Yes, of course all the callable implicit partial block macros
behave the same way, unless special behaviour was chosen for any
particular one.  I silently assumed that as obvious in my original
reply, for example when pointing to the .Op documentation even
though you asked a question about .Bq, not .Op.

What i mean with "not the only case" and "blocks nested badly
in unusual ways" is potential cases where blocks are nested badly 
and the breaking macro is *not* a partial block macro.  What i mean
is that i'm neither conviced .Ta is the only breaking macro
that can trigger unusual broken-block behaviour, nor that others
do indeed exist.  For example, .It might be a candidate to
investigate what happens when it is breaking, as opposed to the
more usual case where it is broken.  But there might be even more
than just .Ta and possibly .It.

> By the way, can anyone explain why
>   .Aq one
> and
>   .Aq Mt one
> produces different output in UTF-8 mode with both groff and mandoc?
> 
> Specifically, the former surrounds the text with U+27E8 and U+27E9,
> which my terminal font (DejaVu Sans Mono) renders as ( and ), whereas
> the latter is surrounded with ASCII 3C and 3E, i.e. < and >.

Yes, .Aq requests angle brackets, and U+27E8 / U+27E9 (MATHEMATICAL
ANGLE BRACKETS) is the traditional way how groff renders angle
brackets - i never considered whether that is the best rendering,
other candidates might be U+2329 / U+232A or U+3008 / U+3009.
Unicode is such a large garden full of wonderful plants.
The main reason for not wondering which rendering is best
is that it's unclear what use case .Aq is intended for in the
first place in a manual page.  As mdoc(7) says:

  Aq line
      Enclose the rest of the input line in angle brackets.  The only
      important use case is for email addresses.  See Mt for an example.

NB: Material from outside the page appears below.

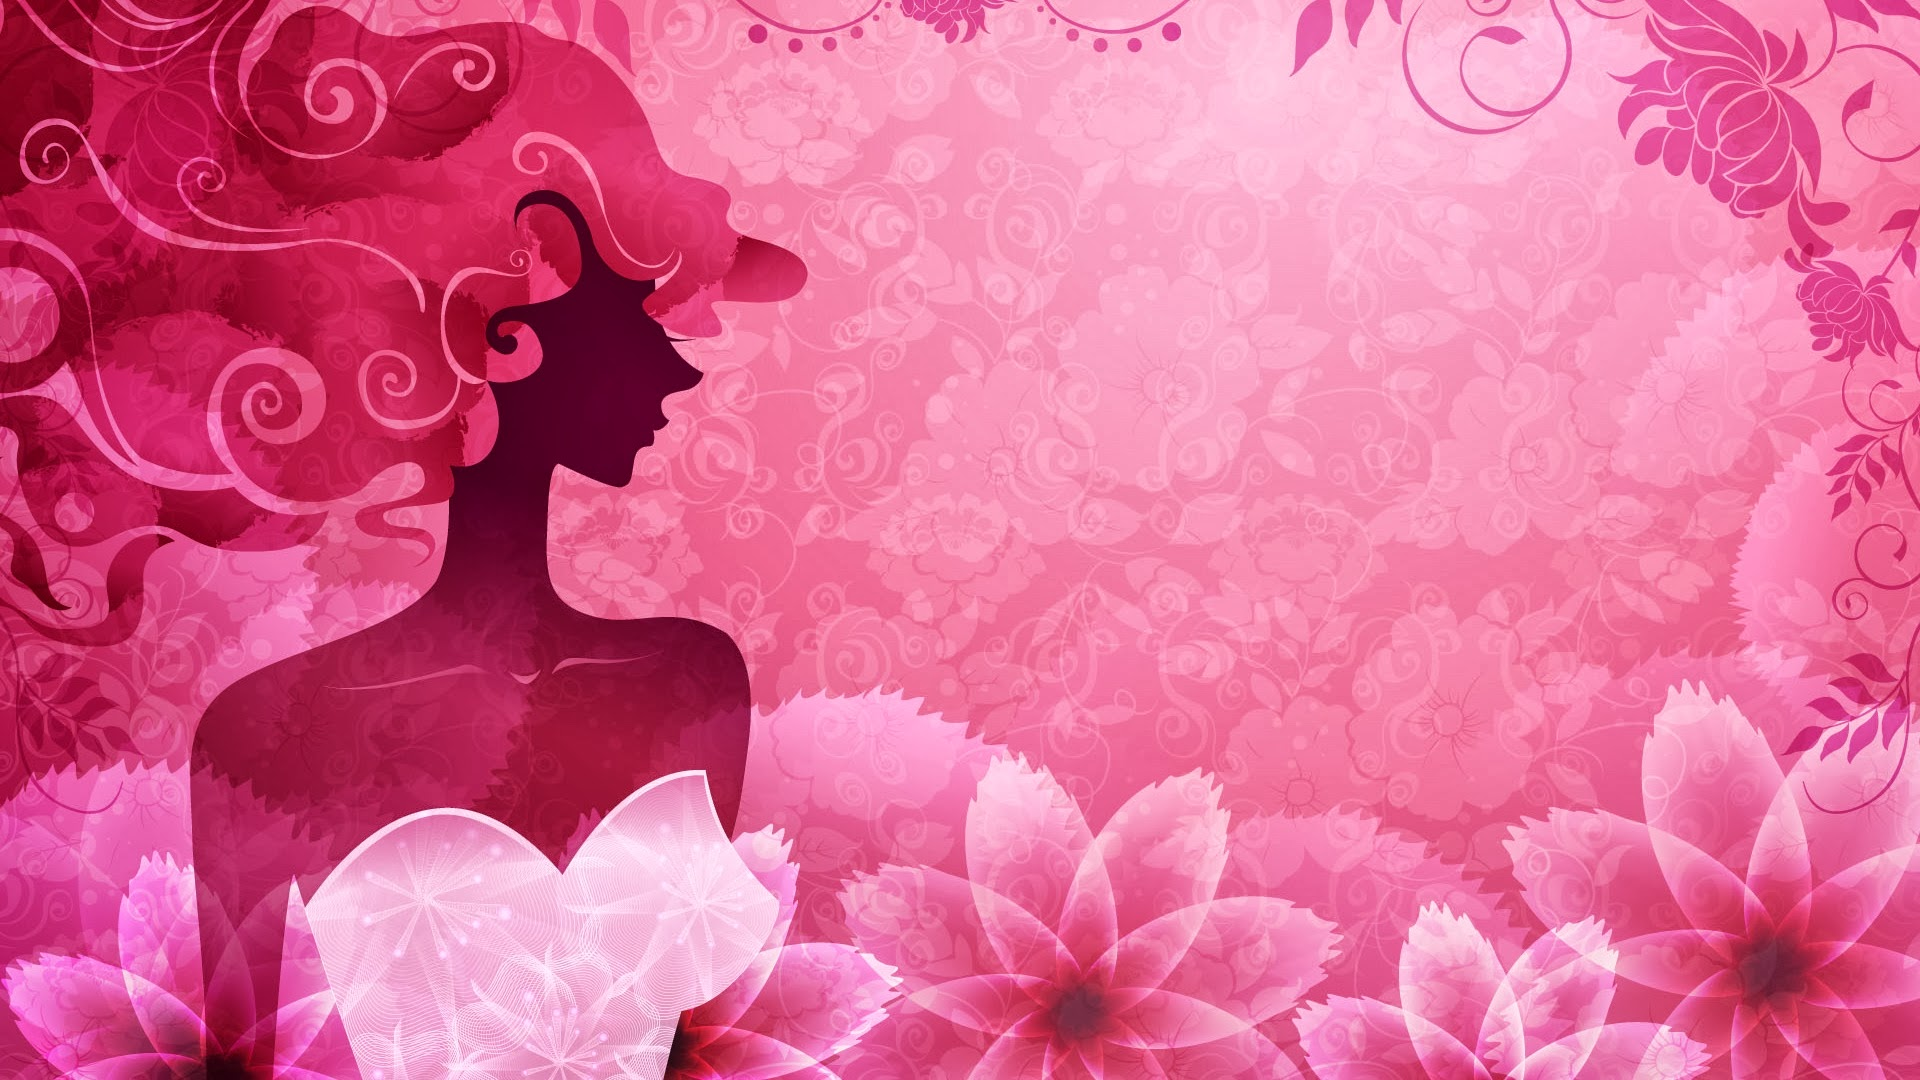 Rosa Pastel Fondos De Pantalla Rosa Pastel Fotos Gratis

In the important use case ".Aq Mt", however, it is clear which
rendering is the right one because using U+003C / U+003E is
dictated by the SMTP RFC, see the angle-addr production in
RFC 5322 section 3.4.

For that reason, using U+003C for Aq Mt is explicitly implemented,
see for example line 1599 in

  
https://cvsweb.openbsd.org/cgi-bin/cvsweb/src/usr.bin/mandoc/mdoc_term.c?annotate=1.286

and the corresponding 2015 commit

  
https://cvsweb.openbsd.org/cgi-bin/cvsweb/src/usr.bin/mandoc/mdoc_term.c#rev1.202

Why isn't that documented?  Well, generally the mdoc(7) manual page
does not document rendering because mdoc(7) is not a presentational
language.  Instead, that manual page documents syntax and semantics
because mdoc(7) is intended as semantic markup, so authors should
focus on what the markup they write *means* rather they how it will
be rendered.  Besides, rendering by definition depends on the output
device.  (Admittedly, sometimes both the language and the documentation
stray into presentational territory, sometimes for good reasons,
sometimes without very good reasons).